Ainda que o programa federal não ofereça gratuidade total, ele reduz substancialmente o valor final pago pelo candidato e amplia o acesso ao documento.

Diante desta nova realidade, o pior caminho seria simplesmente deixar o CNH Social abandonado ou mantido de forma automática, sem qualquer revisão estratégica.

E é justamente esta sensação que começa a surgir: a de um programa importante, mas sem atualização compatível com as transformações do mercado e das políticas públicas nacionais.

O que esta situação exige é uma atuação mais ativa, técnica e visionária do Departamento Estadual de Trânsito de Mato Grosso do Sul (Detran-MS).

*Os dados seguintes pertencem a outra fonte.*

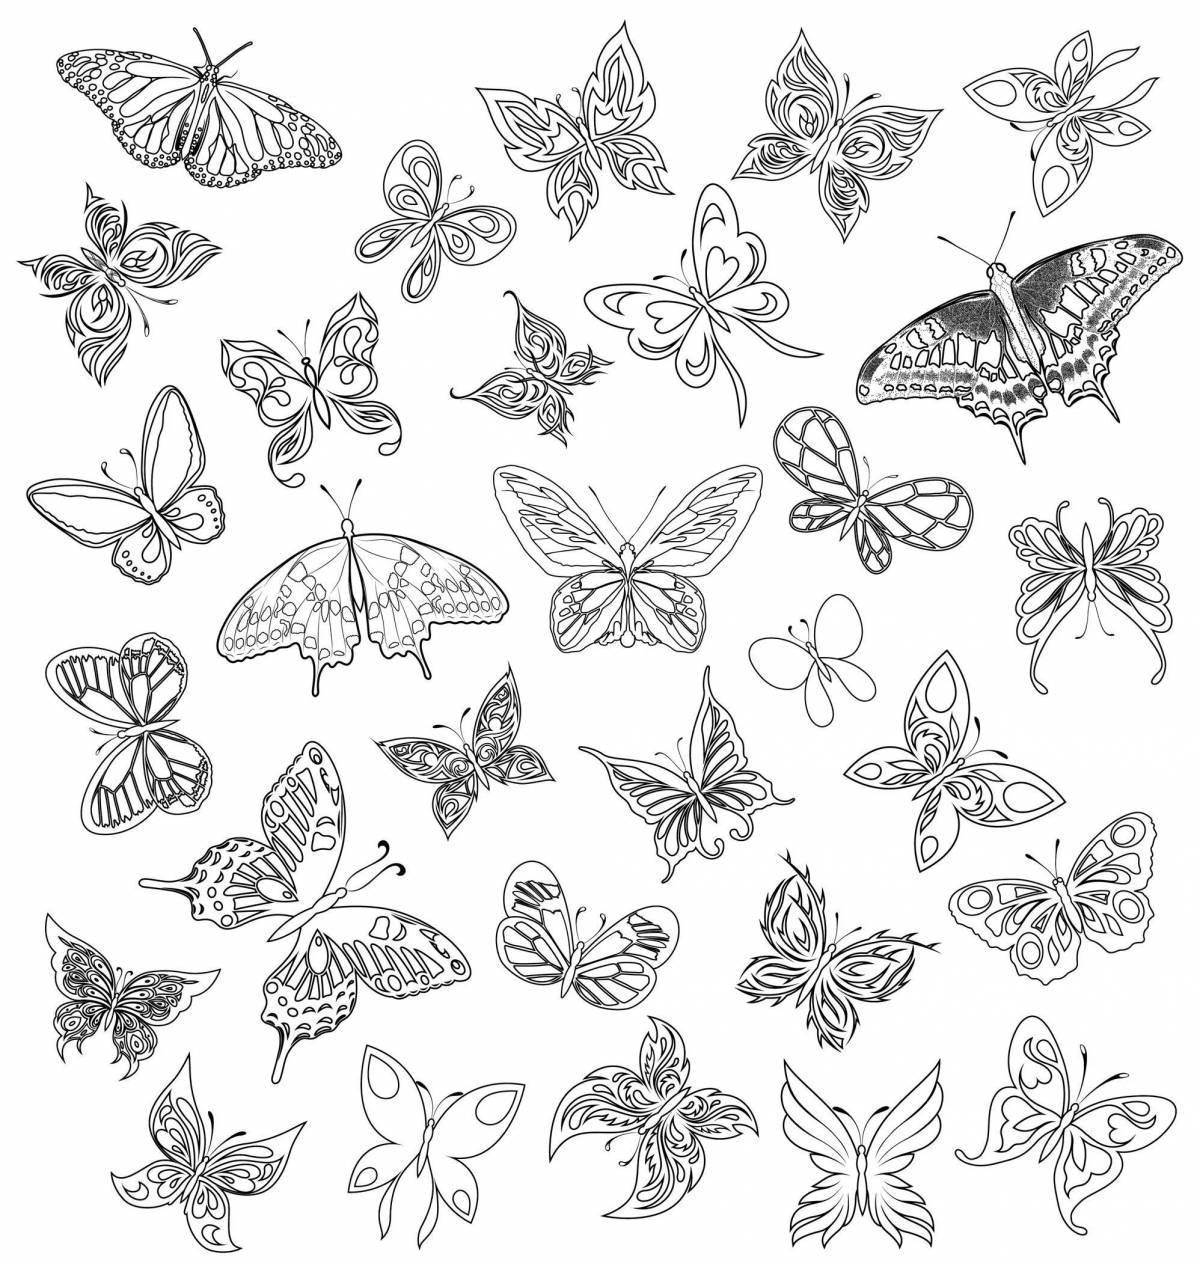 Joyful many butterflies on one sheet

Programas públicos não podem permanecer estáticos enquanto a realidade econômica e social muda rapidamente.

Planejamento estratégico eficiente pressupõe adaptação constante, revisão de metas e capacidade de identificar novas demandas da sociedade.

E talvez a principal delas esteja justamente no mercado de trabalho. Em Mato Grosso do Sul, ter CNH continua sendo porta de entrada para inúmeras oportunidades profissionais.

Em um estado fortemente ligado ao agronegócio, à logística, à mineração e à indústria da celulose, existe demanda permanente – e crescente – por motoristas qualificados, especialmente para veículos de grande porte.

Por isso, o CNH Social precisa ser recalibrado. Em vez de concentrar esforços apenas na primeira habilitação das categorias mais básicas, o programa poderia priorizar a formação e qualificação de motoristas para as categorias D e E, destinadas ao transporte de passageiros, caminhões e carretas.

Esta mudança teria impacto social e econômico relevante. Permitiria que trabalhadores de baixa renda conquistassem profissões com melhor remuneração, ajudaria pessoas que já têm CNH a avançarem profissionalmente e ainda atenderia a uma necessidade concreta de grandes empresas instaladas no Estado, que frequentemente relatam dificuldade para encontrar profissionais habilitados para operar veículos de transporte pesado.